Paulo Kellerman é autor de sete peças, duas óperas e uma curta-metragem. Publicou vinte e dois livros em diversos géneros literários. Concebeu, coordenou ou participou em projectos com dezenas de criadores das mais diversas áreas artísticas. É responsável pelo projecto Fotografar Palavras, que desde 2016 envolveu mais de 330 criadores (fotógrafos e escritores) de 35 países, e foi co-fundador da editora Minimalista. Recebeu o Grande Prémio do Conto da Associação Portuguesa de Escritores.
# 78: Porque riem elas?
(Estamos os dois sentados à mesa de uma esplanada, silenciosos e aborrecidos, à espera que os croissants com queijo cheguem para que possamos manter as bocas ocupadas – uma desculpa para não falarmos, para não admitirmos que não temos absolutamente nada para dizer. Na mesa do lado estão duas mulheres, faladoras e desassossegadas, completamente indiferentes ao que se passa em redor, concentradas no seu riso; riem muito, as duas.)
ELE: Já reparaste como o riso pode ser uma espécie de antídoto para o aborrecimento? Ou mesmo para a preocupação, para a apreensão. Quase como se fosse uma forma de suspensão, um truque para desligar momentaneamente o pensamento. Não achas?
EU: Hum hum.
ELE: Até há por aí pessoas que riem como se pretendessem, desse modo, forçar o avanço do tempo, interrompendo assim a monotonia da vida, contrariando a inevitabilidade de estarem preocupados e apreensivos e mais não sei quê; porque quando se ri, o tempo passa mais depressa; ou, se calhar, não passa, sei lá; seja como for, perde-se a percepção do tempo, e isso é que conta. Portanto, acaba por ser um género de alienação, de fuga. E, certamente por isso, o riso torna-se uma espécie de vício, uma dependência.
EU: Que se passa? De repente, ficaste inspirado. Estás a querer dizer que o riso é algo negativo? Não tarda nada, começas a falar da necessidade de criar os Risonhos Anónimos, ou algo do género.
ELE: Não brinques. Aliás, sabes que mais? Uma gargalhada é quase como um orgasmo.
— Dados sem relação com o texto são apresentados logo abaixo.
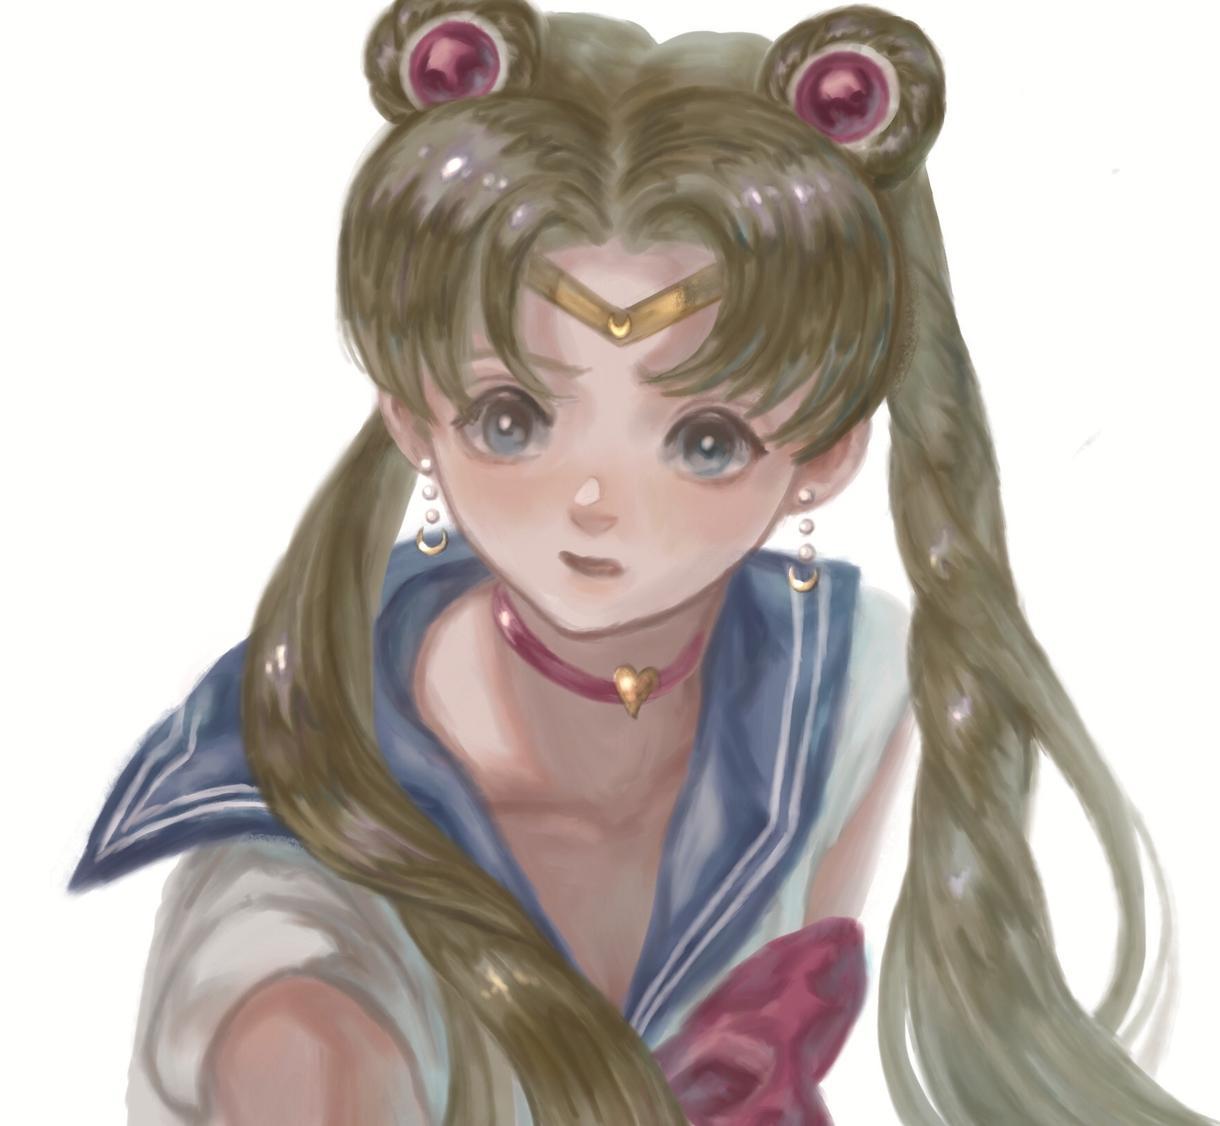 女の子のイラスト描きます 髪の毛と目がキラキラな女の子です。 イメージ1

EU: Uma gargalhada é quase como um orgasmo? Eh lá. Essa é valente.
ELE: A sério. Olha que faz sentido. São dois dos poucos casos em que o corpo consegue, de uma forma natural, invalidar a preponderância do intelecto; em que o raciocínio e a consciência, os mecanismos de controlo, se tornam irrelevantes e ineficazes. Em que apenas a sensação conta.
EU: Não sei se faz grande sentido mas confesso que não me espanta esse tipo de conversa, vinda de ti. Na verdade, é precisamente o tipo de conversa que se pode esperar de alguém como tu, isso de dizer que rir é quase como foder.
ELE: Como assim?
EU: É conversa de alguém que nunca fode. Nem ri.
(Chega a rapariga com os croissants, com os galões; e nós comemos, bebemos. Na mesa ao lado, continuam as gargalhadas, uma após outra, estrondosas e surpreendentes, exibicionistas; como se nada mais no mundo importasse, para além do riso.)